Please print exactly the lines from the line containing "Mát lạnh ngày" through the end of the data, no more, and keep pictures out of the copy.

INFORMATION PROVIDED:

++++

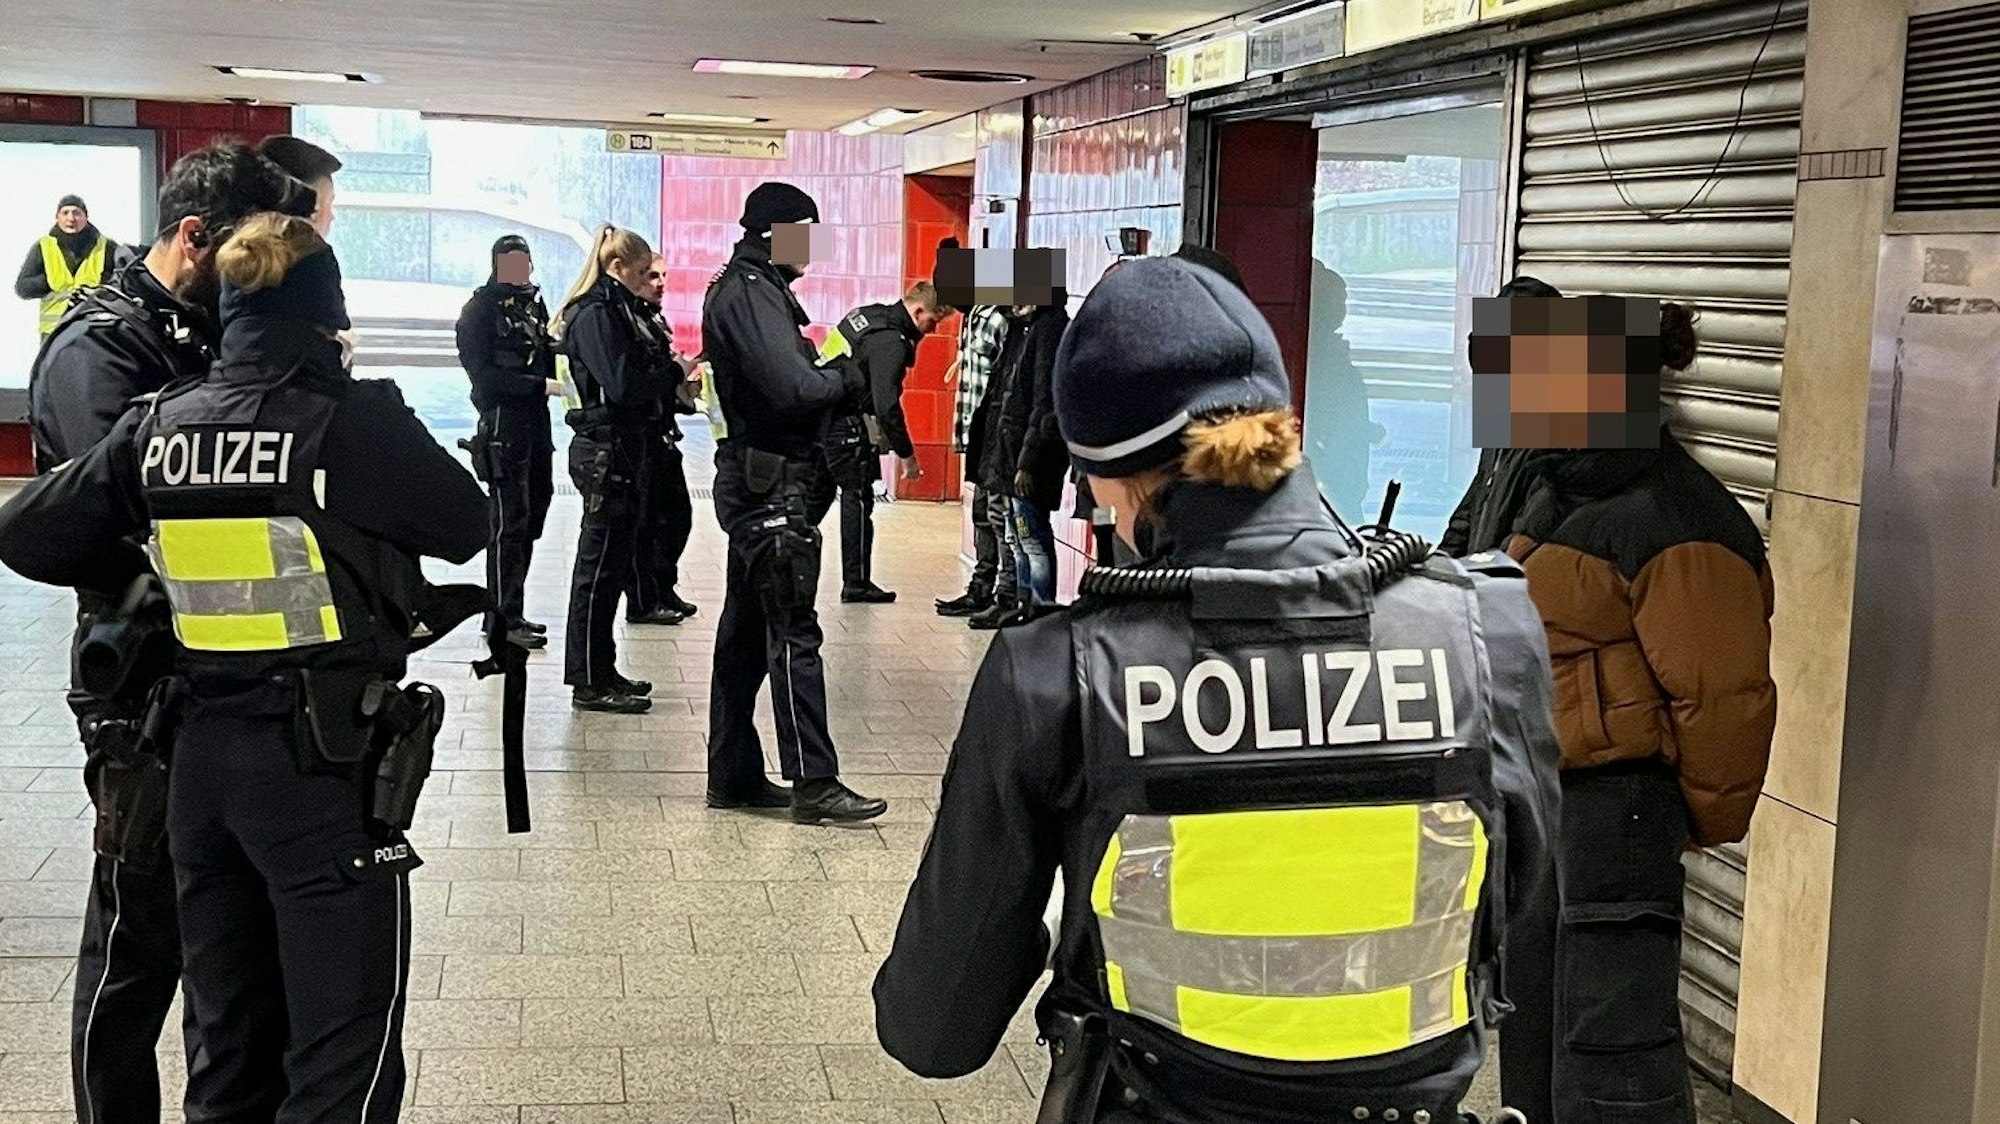 Polizisten durchsuchen mehrere mutmaßliche Drogendealer oder deren Kunden, die mit dem Rücken zu einer Wand in der KVB-Zwischenebene am Ebertplatz stehen.
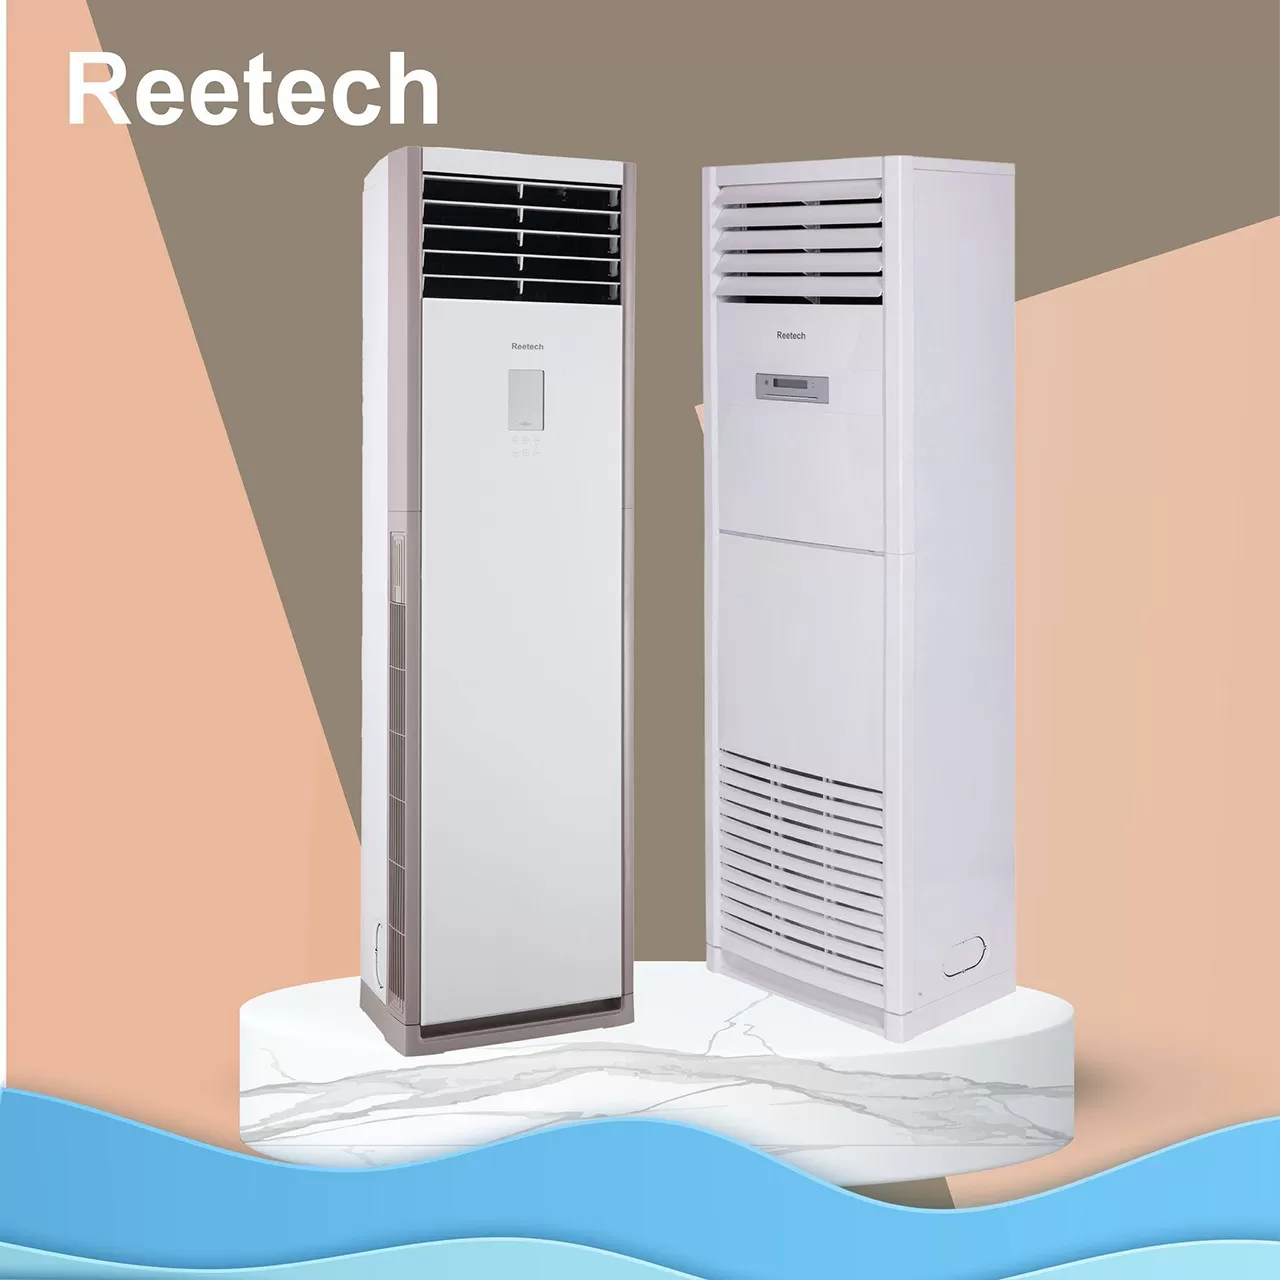 Mát lạnh ngày hè cùng máy lạnh tủ đứng Reetech
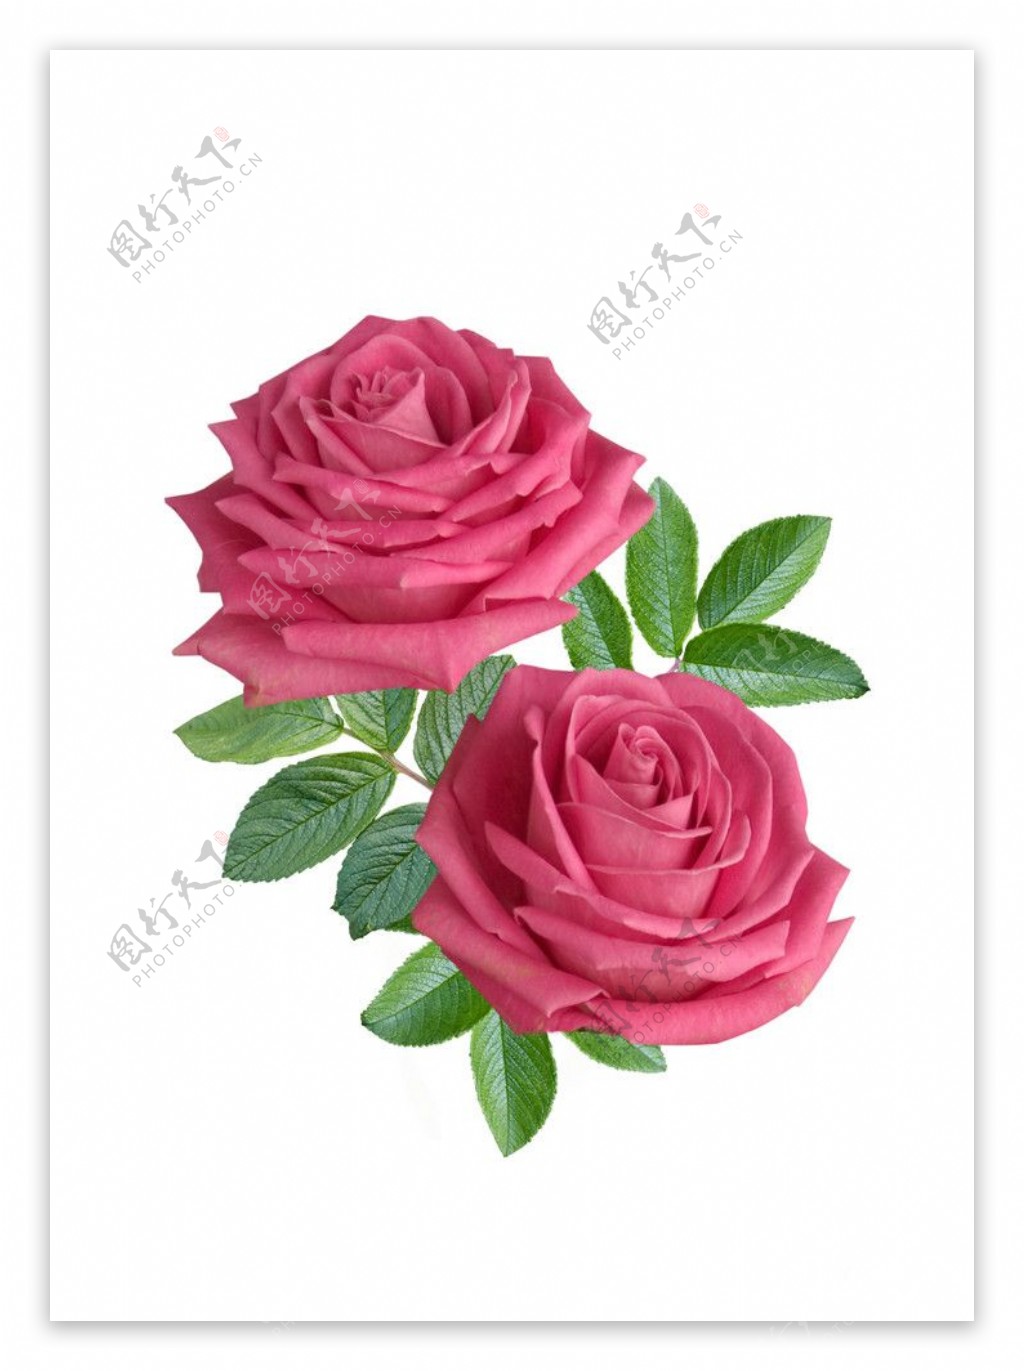 娇艳的红色玫瑰花图片
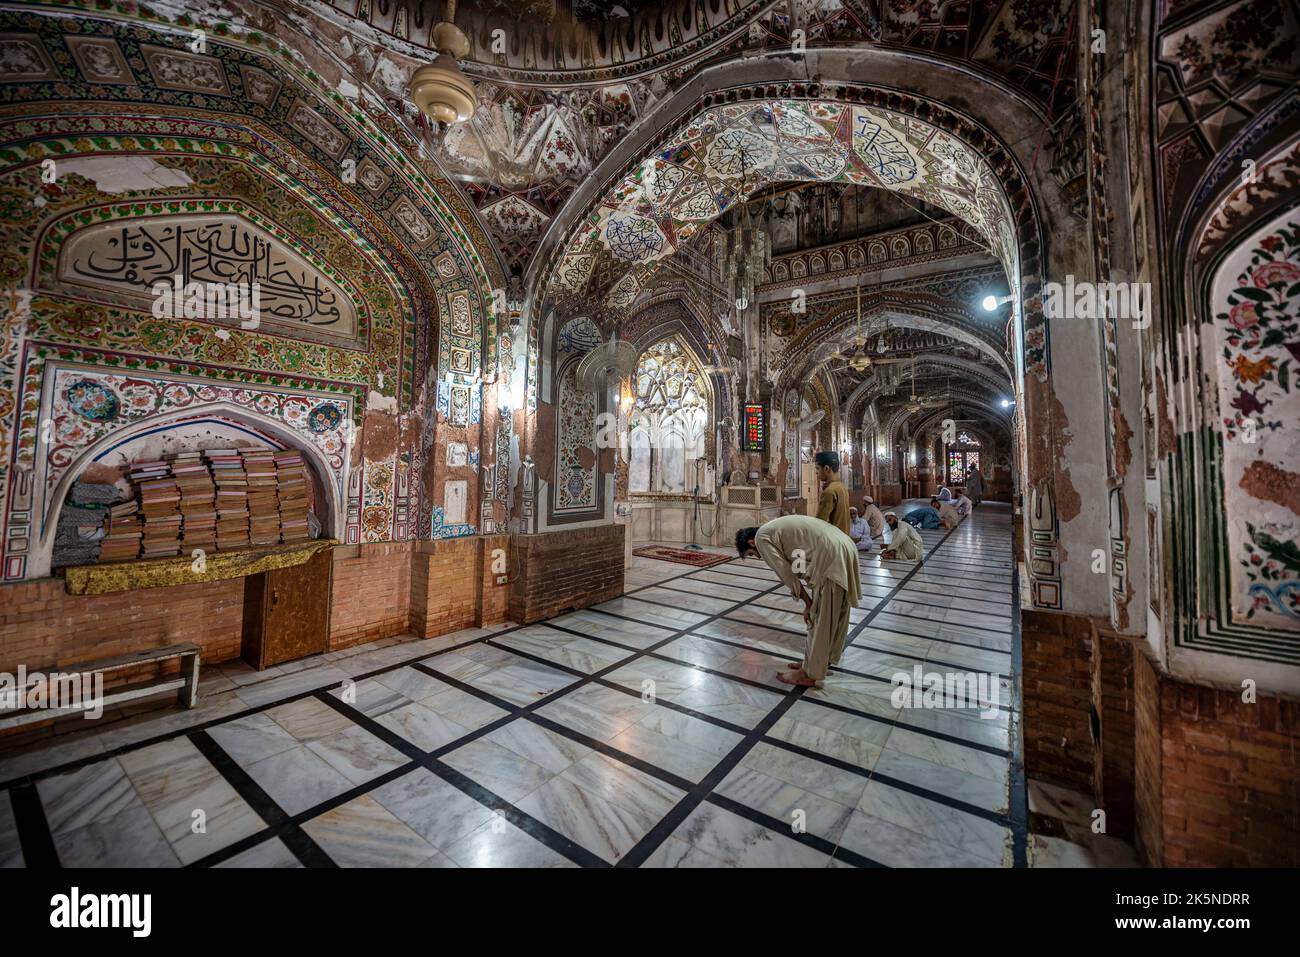 Intérieurs richement décorés de la mosquée Mohabbat Khan, Peshawar, province de Khyber Pakhtunkhwa, Pakistan Banque D'Images

++++

SOLUTION:
 Mát lạnh ngày hè cùng máy lạnh tủ đứng Reetech
 娇艳的红色玫瑰花图片
 Intérieurs richement décorés de la mosquée Mohabbat Khan, Peshawar, province de Khyber Pakhtunkhwa, Pakistan Banque D'Images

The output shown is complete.